The answer is all of the data repeated exactly, with each picture omitted.

Dataset extract:
------------------------------------------------
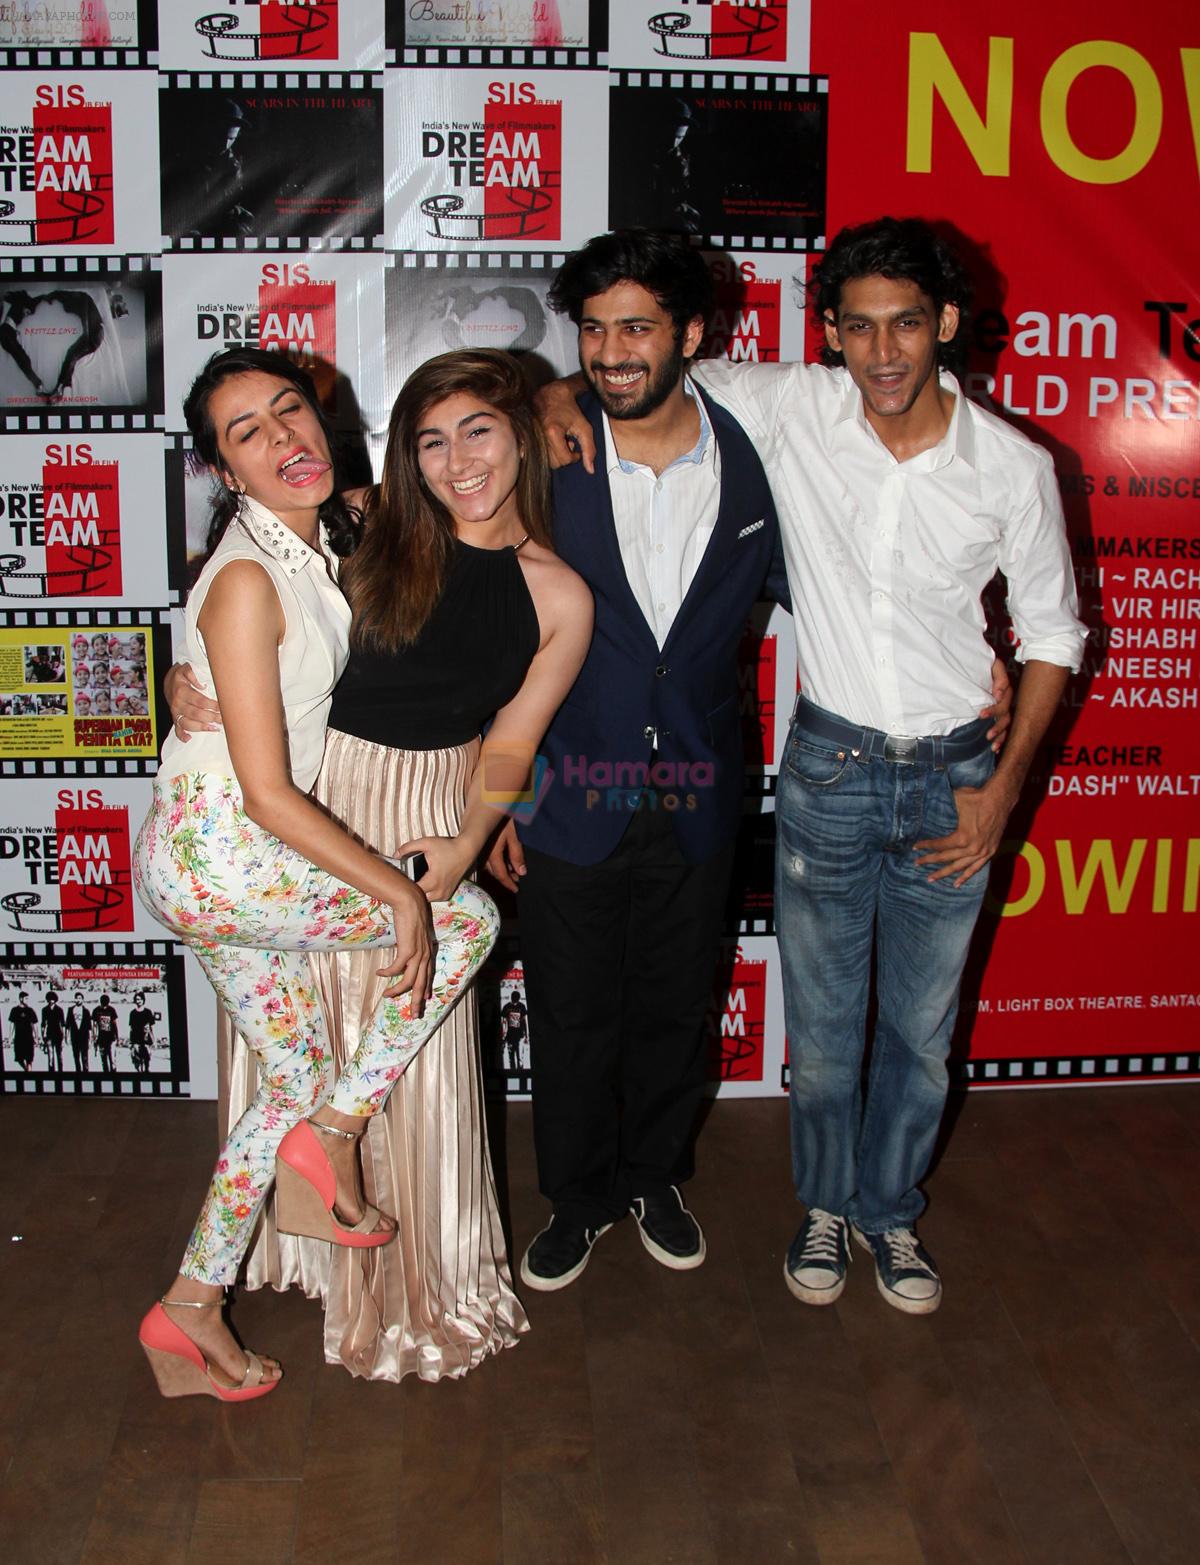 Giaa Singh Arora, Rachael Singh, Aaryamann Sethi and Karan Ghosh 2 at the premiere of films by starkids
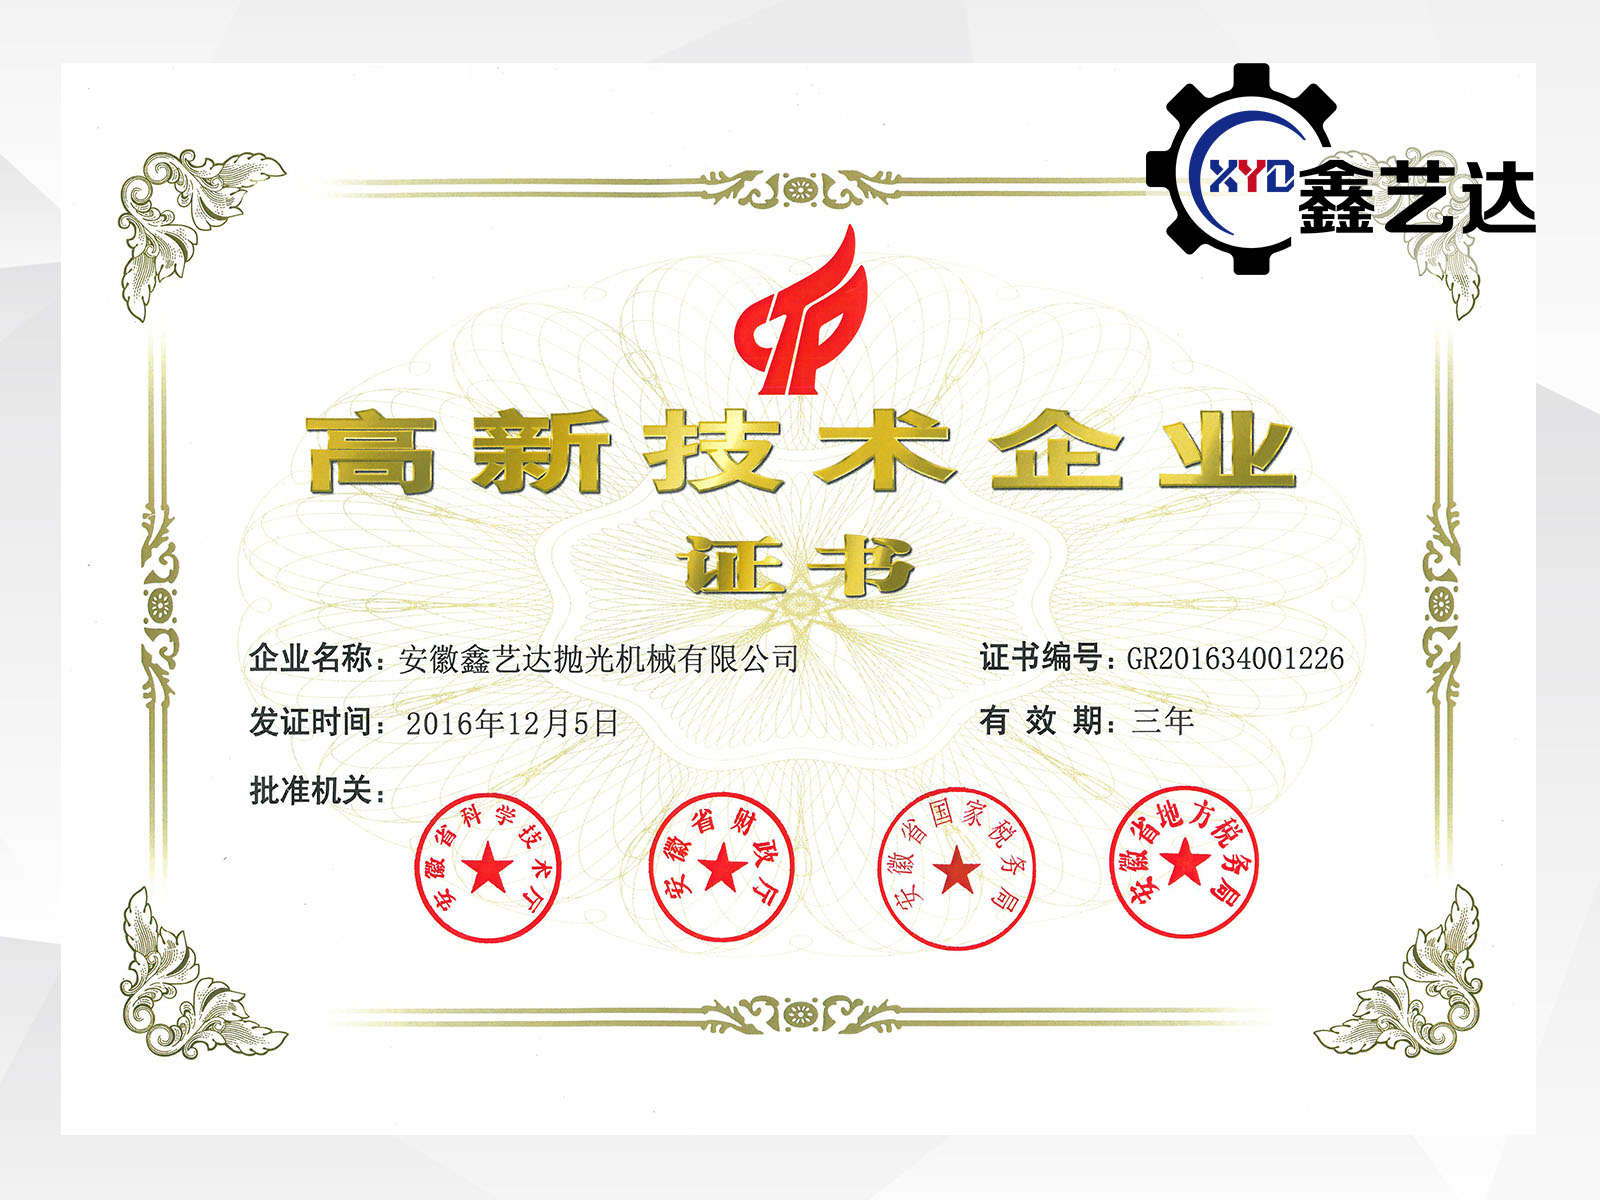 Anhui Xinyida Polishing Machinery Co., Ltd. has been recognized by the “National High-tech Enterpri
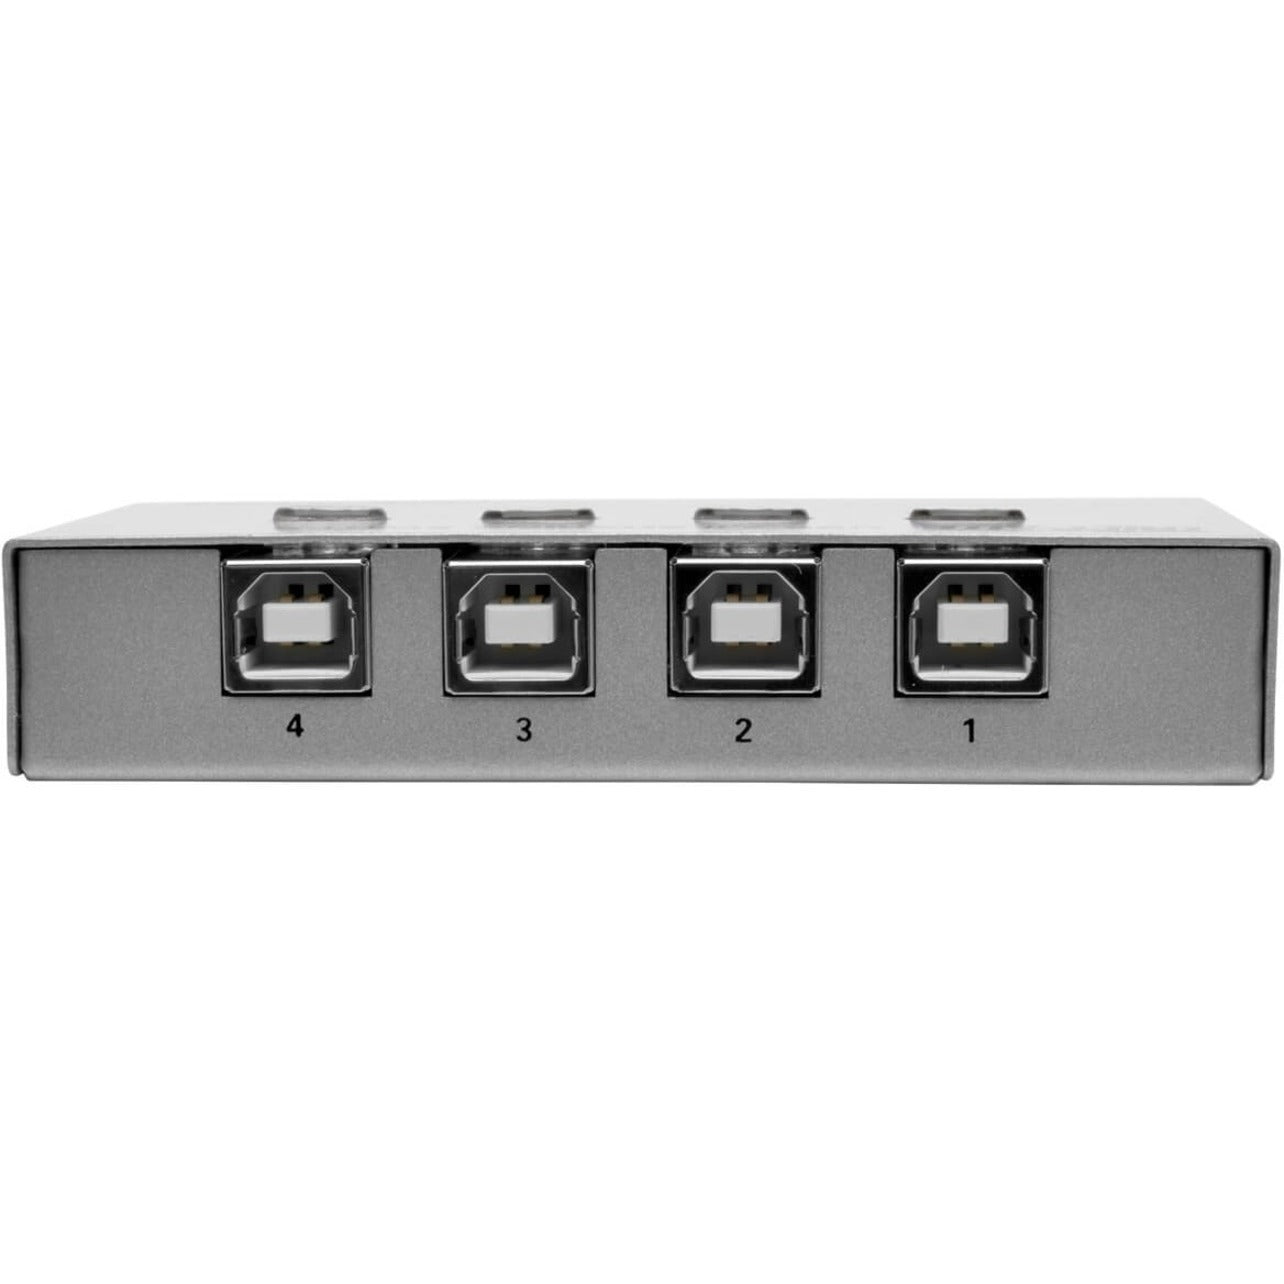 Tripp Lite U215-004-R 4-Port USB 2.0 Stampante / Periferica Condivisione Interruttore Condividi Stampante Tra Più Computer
------------------------------------------------
Answer section:
 Giaa Singh Arora, Rachael Singh, Aaryamann Sethi and Karan Ghosh 2 at the premiere of films by starkids
 Anhui Xinyida Polishing Machinery Co., Ltd. has been recognized by the “National High-tech Enterpri
 Tripp Lite U215-004-R 4-Port USB 2.0 Stampante / Periferica Condivisione Interruttore Condividi Stampante Tra Più Computer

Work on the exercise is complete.